As more and more evidence emerges and is reviewed with care for context and corroboration, the more complex and bespeckled with grey the emerging picture appears.  Apologists will have a hard time concocting a "spin" for these works.


How the Catholic Church Sheltered Nazi War Criminals


Redacted from an astounding in-depth, painfully factual expose.

By Kevin J. Madigan

(Complete article available from COMMENTARY, December, 2011)

SHORTLY AFTER THE END of the Second World War, an Austrian, Franz Stangl wandered into Rome looking for a Catholic prelate. He needed the help of a bishop he thought was named Hudal. After a short walk, the Austrian arrived at the episcopal residence he was seeking. “You must be Franz Stangl” the bishop said, warmly holding out both his hands. “I was expecting you.”

Stangl had been commandant of the Sobibor and Treblinka concentration camps. Wanted for the murder of nearly a million Jews, he was desperately seeking to escape the clutches of Allied forces justice. He had come to the right man. Bishop Alois Hudal (1885-1963) was rector of a college in Rome known as the “Anima,” a seminary for German-speaking priests. He was also a profound sympathizer with National Socialism and dedicated to extending papal charity to Nazi war criminals. After finding Stangl a job at the German College, the bishop eventually supplied him with travel documents, a steamer ticket, and a factory job in Syria. Later, Stangl was extradicted to Brazil, where he would bring his wife and family.

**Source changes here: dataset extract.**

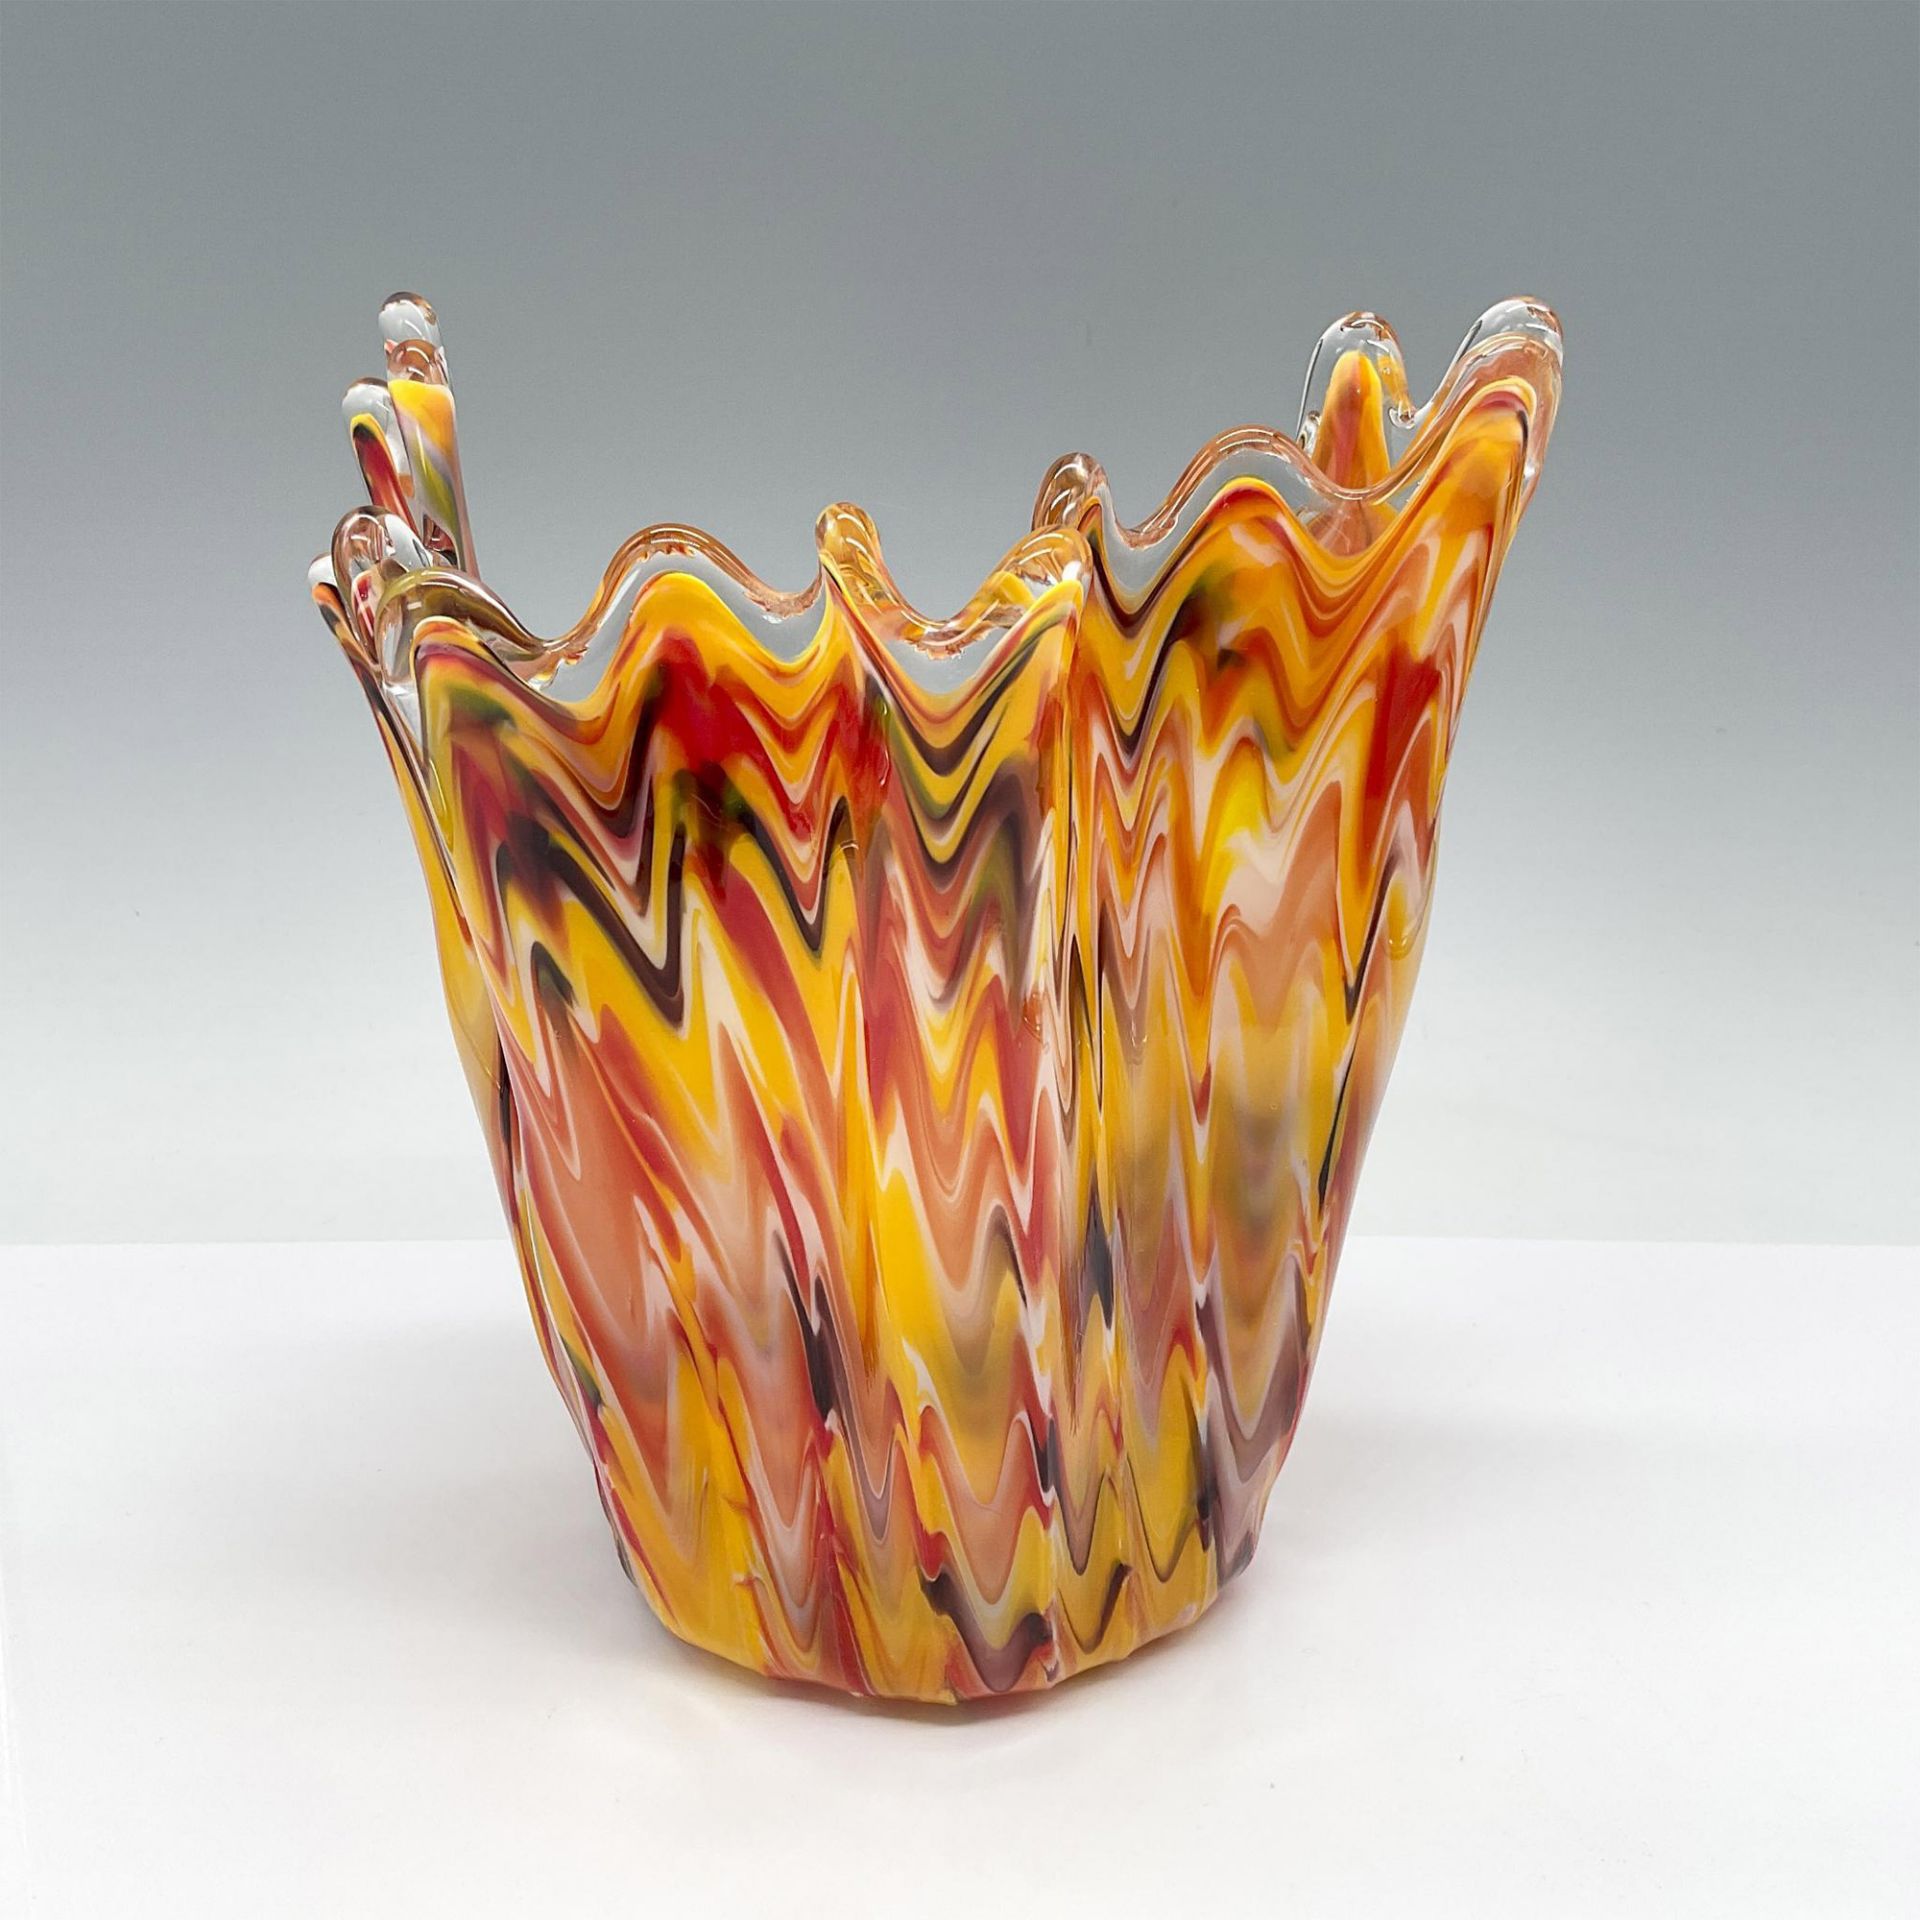 Murano Hand Blown Art Glass Vase in Orange Red Yellow - Image 2 of 3
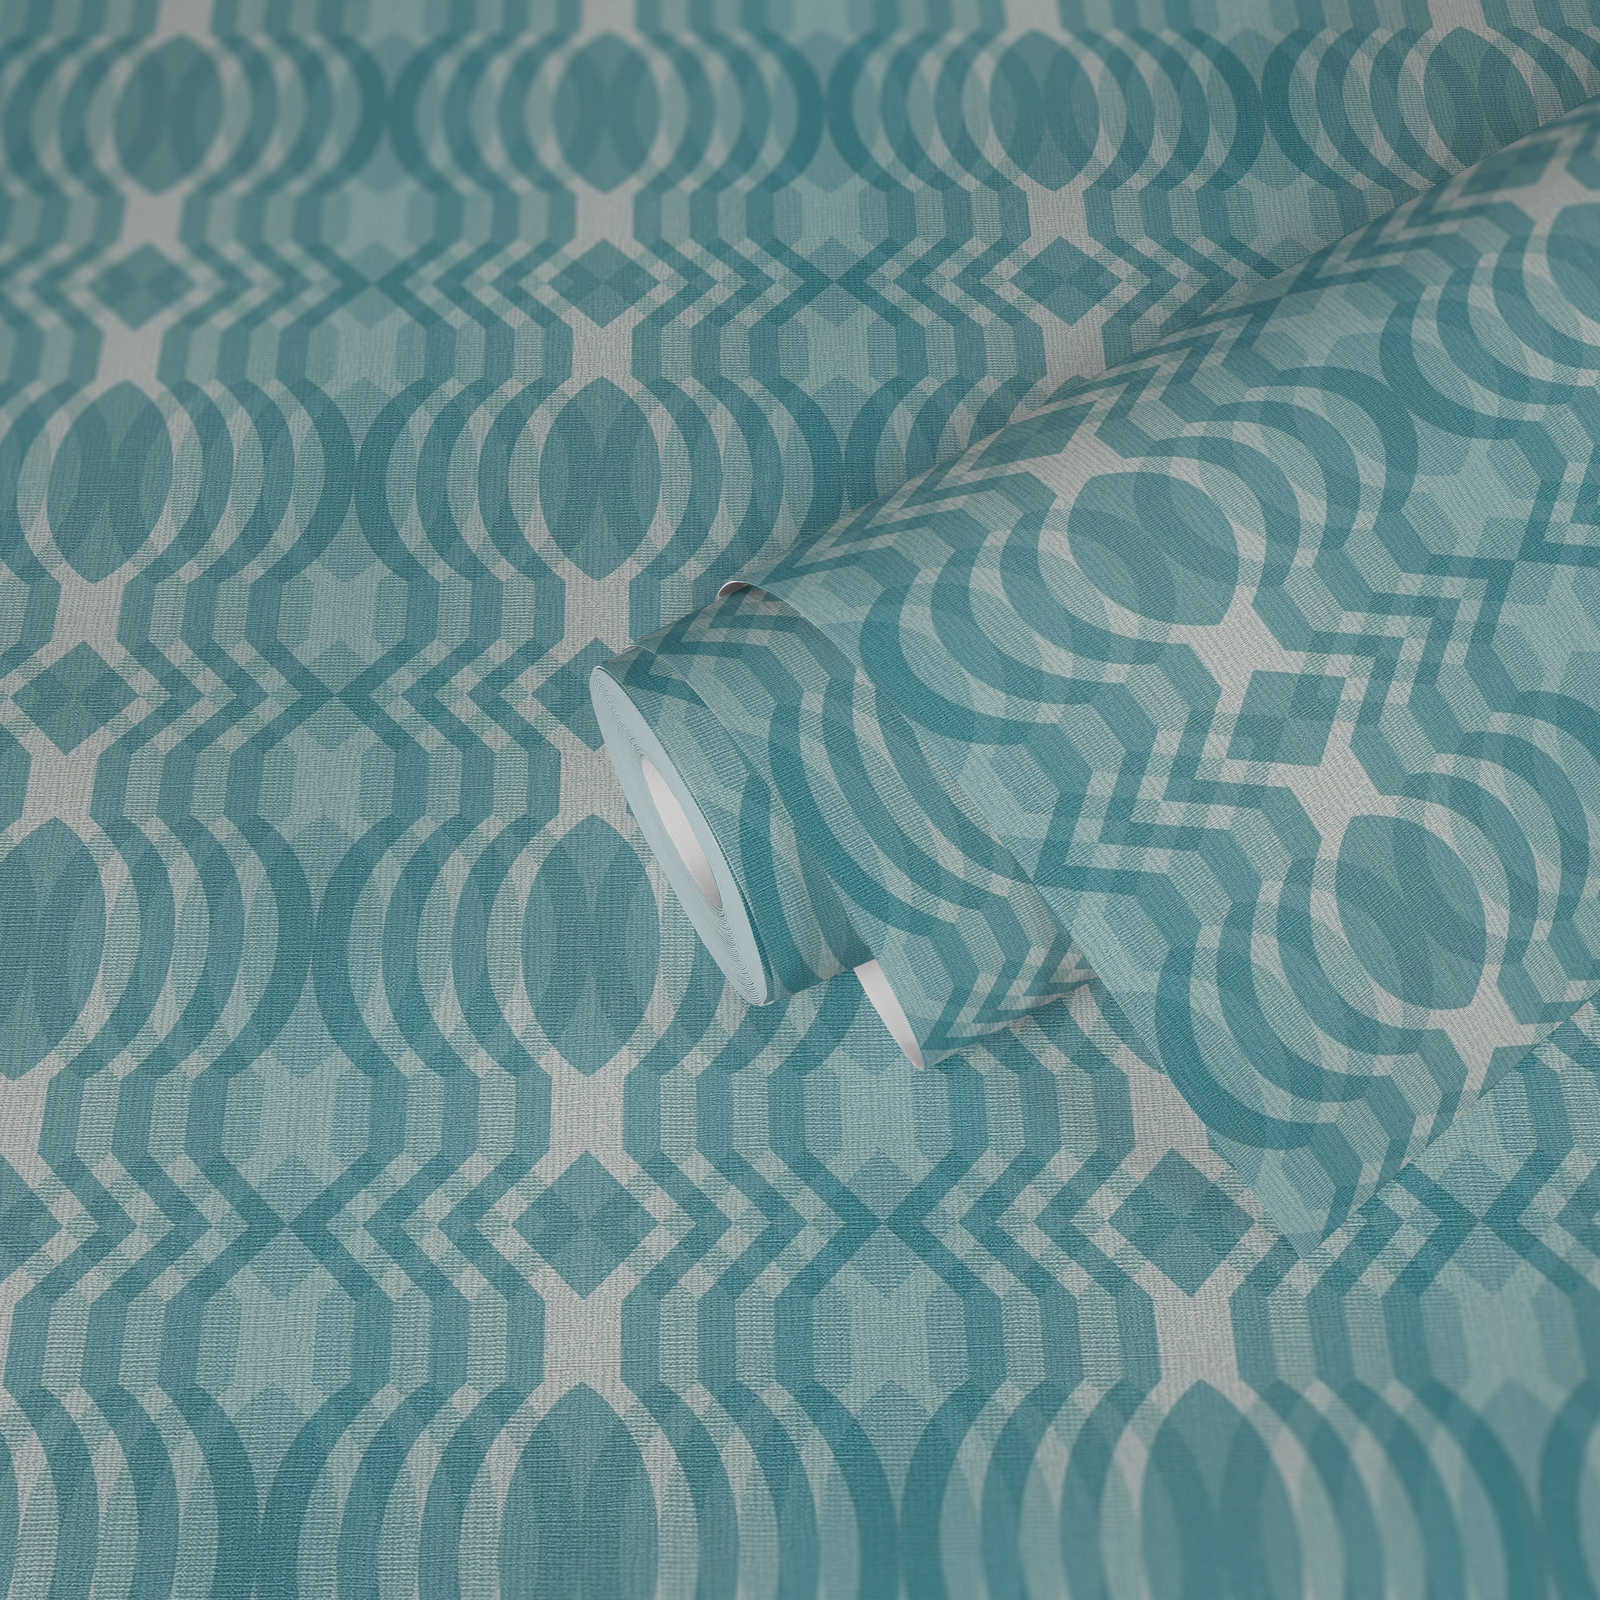             Retro Tapete mit geometrischem Muster – Blau, Creme, Weiß

While it would be consoling to suppose this act of benevolence was an isolated incident, in the deliverance of ex-Nazis, SS men, and known criminals, it was repeated hundreds of times by prelates and priests. Their actions were not only known to diplomats in the highest echelons of the Catholic hierarchy, they were morally and financially supported by them—and, horrifyingly, supported by unknowing American Catholics and some of their all-to-knowing leaders.

With so much attention given to the conduct during the Shoah of the Catholic Church, the Vatican, and Pius XII, there has been little attention paid to the social role played by men like Hudal in the immediate aftermath of the war. As it happens, a recently published book by another Austrian, the brilliant young scholar Gerald Steinacher, lays out in powerful detail, how and why the Catholic church, through its personnel, financing, and aid from institutions, committees, and priests, protected Nazi war criminals.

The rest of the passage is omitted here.